[Diao Ye learns programming] MicroPython hands-on (10) - zero-based learning MaixPy neural network KPU

In the morning, Baidu searched for "neural network KPU", and found an article from Yufei.com "Understanding APU/BPU/CPU/DPU/EPU/FPU/GPU and other processors in one article", which introduced various processors in great detail. The content of KPU" is as follows:

KPU
Knowledge Processing Unit. Canaan claims to release its own AI chip KPU in 2017. Canaan intends to integrate artificial neural networks and high-performance processors in a single KPU chip, mainly to provide heterogeneous, real-time, and offline artificial intelligence application services. This is another mining machine company with good money expanding into the AI field. As a company that makes mining machine chips (proclaiming it is a blockchain-specific chip) and mining machines, Canaan has received nearly 300 million yuan in financing, with a valuation of nearly 3.3 billion yuan. It is said that Jianan Zhizhi will start the share reform and promote the IPO in the near future.

Another: The term Knowledge Processing Unit is not the first one proposed by Jianan Zhizhi. There have been papers and books on this term as early as 10 years ago.

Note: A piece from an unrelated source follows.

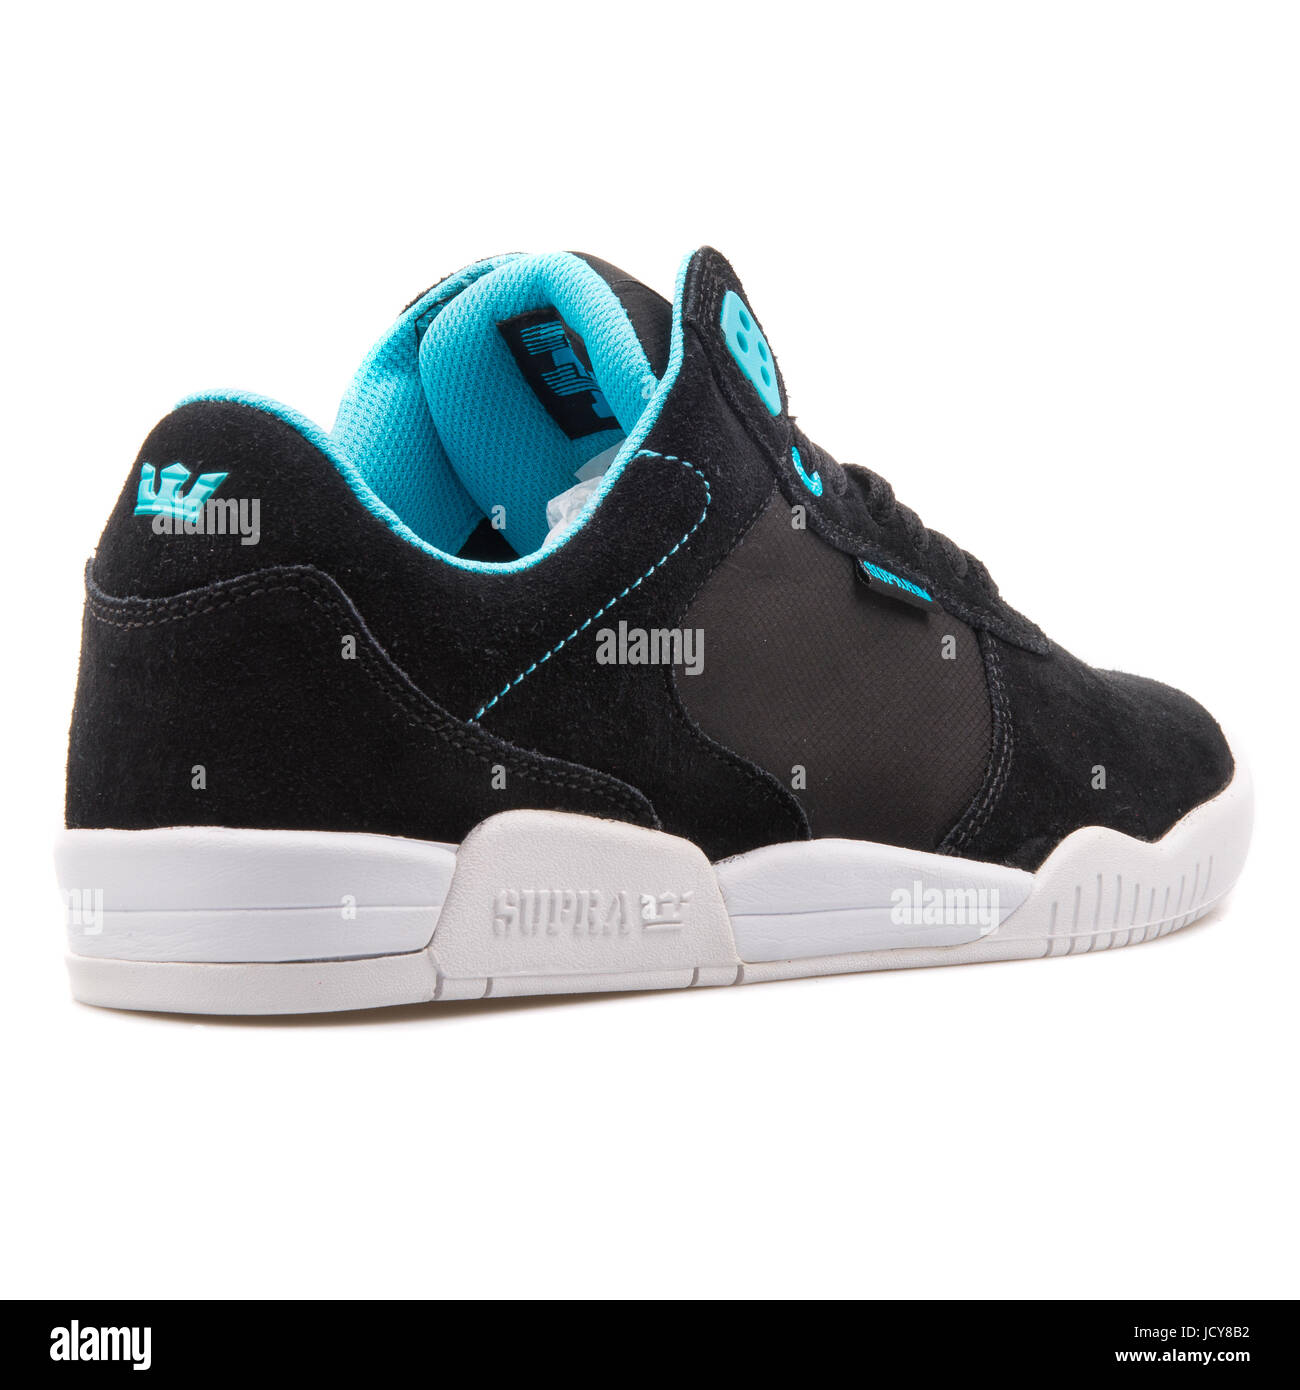 Ellington supra negro y azul para hombres zapatos deportivos - S73027  Fotografía de stock - Alamy
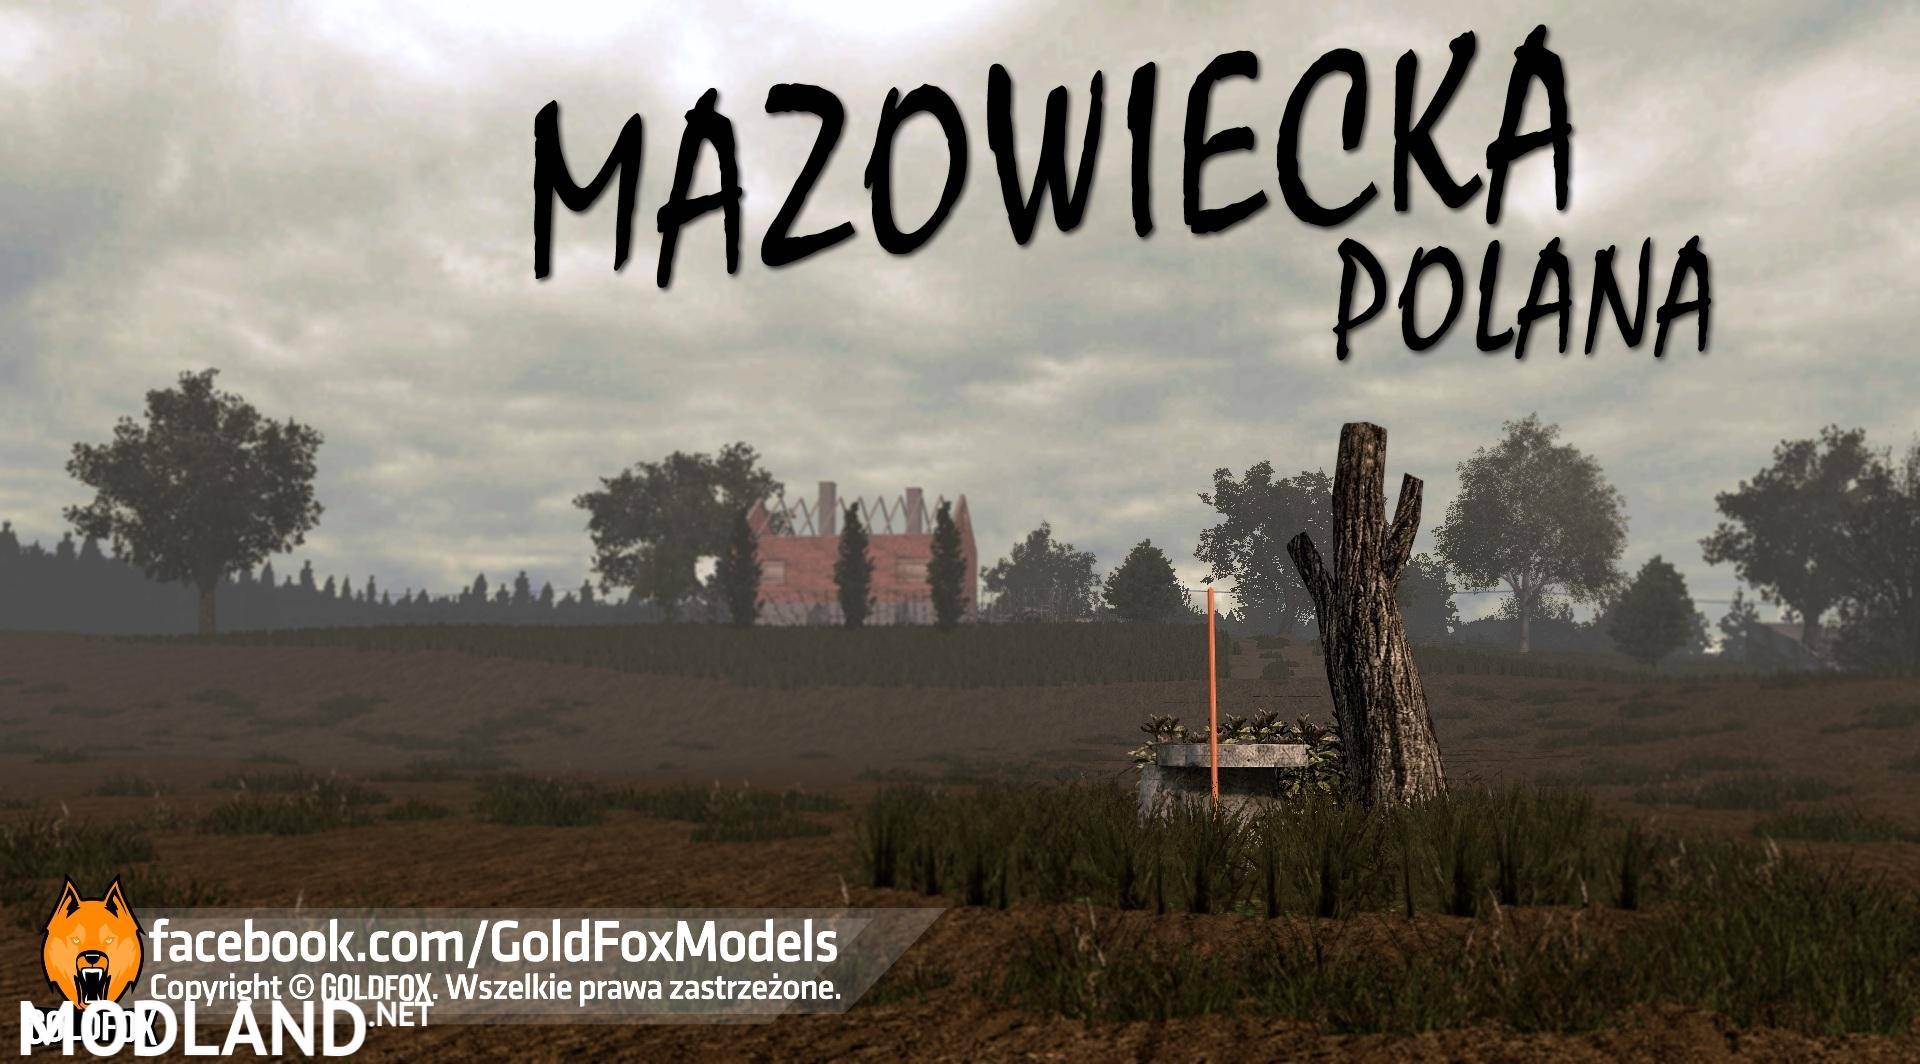 Mazowiecka Polana Map

However, Canaan has now applied for a registered trademark for KPU.

(Original link: https://www.eefocus.com/mcu-dsp/391017/r0)

Baidu translation: Knowledge Processing Unit, which roughly means "knowledge processing unit".

insert image description here

Search for "Canaan Technology", and find the article introducing Canaan "Caanan CEO Zhang Nangeng: Not a Substitute, Only a Pioneer", and continue to learn about the relevant situation:

Zhang Nangeng does not look like a typical post-80s generation. His young face and white hair on the top of his head reflect the exhaustion that entrepreneurs often have. Talking about his original intention of starting a business, he said frankly, "I like to toss new things. Compared with following others to do mature things, I personally prefer to make some new explorations." Zhang Nangeng is very sure.
After graduating from Beihang University with a bachelor’s degree in computer science, Zhang Nangeng once worked as a "screw" in a public institution. Every time he thinks back to this experience, Zhang Nangeng feels embarrassed. At that time, he was still a technician of the Aerospace Science and Industry Corporation. This period of service has cultivated his spirit of being a spaceman who is meticulous about technology and responsible for his work. Three years later, instead of following the path chosen by most of his colleagues, he went back to school to continue his studies. The reason was still "I hope that new things can emerge every day and do more challenging things."
Seeking innovation does not mean being impetuous. Curiosity can indeed create the world, but the premise is that the attitude of "seeking innovation" can be solidly implemented in product positioning, research and development, and the path to market. It has to be said that this is closely related to Zhang Nangeng's accumulated work experience in public institutions.
During his advanced studies at Beihang University, Zhang Nangeng was not "quiet". After experiencing many new attempts, he finally established his direction in the blockchain ASIC chip. Restricted by the environment of the school's teaching and research section, Zhang Nangeng decided to drop out of school in 2012 to start a business. A few months later, Canaan Technology was born, and released the world's first blockchain computing device based on ASIC chips in the same year. Canaan Technology has become the company with the longest history in this field, bar none.
The choice of AI chips is also related to Zhang Nangeng's personal desire for exploration. "I have a habit. If there are already good companies or products in an industry, such as CPUs, then I don't want to do it. AI chips After so many years, it still hasn’t developed particularly well, and this kind of industry is suitable for entrepreneurs to toss.”
As a member of China’s AI chip industry, Canaan Technology naturally has to undergo the same test. Zhang Nangeng said, "I always believe that as long as the product is good enough, we are not afraid of any challenge." In 2016, Canaan Technology successfully realized the mass production of 28nm process technology chips, and took the first step in the mass production of AI chips. Then in 2018, it achieved mass production of Kanzhi K210, the world's first self-developed commercial edge intelligent computing chip based on RISC-V.
In the field of AI, Zhang Nangeng said frankly that Canaan Technology has no historical burden, "We are not followers." Whether it is the adoption of the RISC-V architecture or the independent research and development of the AI neural network accelerator KPU in Kanzhi K210, it is a clear proof of the hard power of Canaan Technology.
(Original link: https://baijiahao.baidu.com/s?id=1639849500096450487&wfr=spider&for=pc)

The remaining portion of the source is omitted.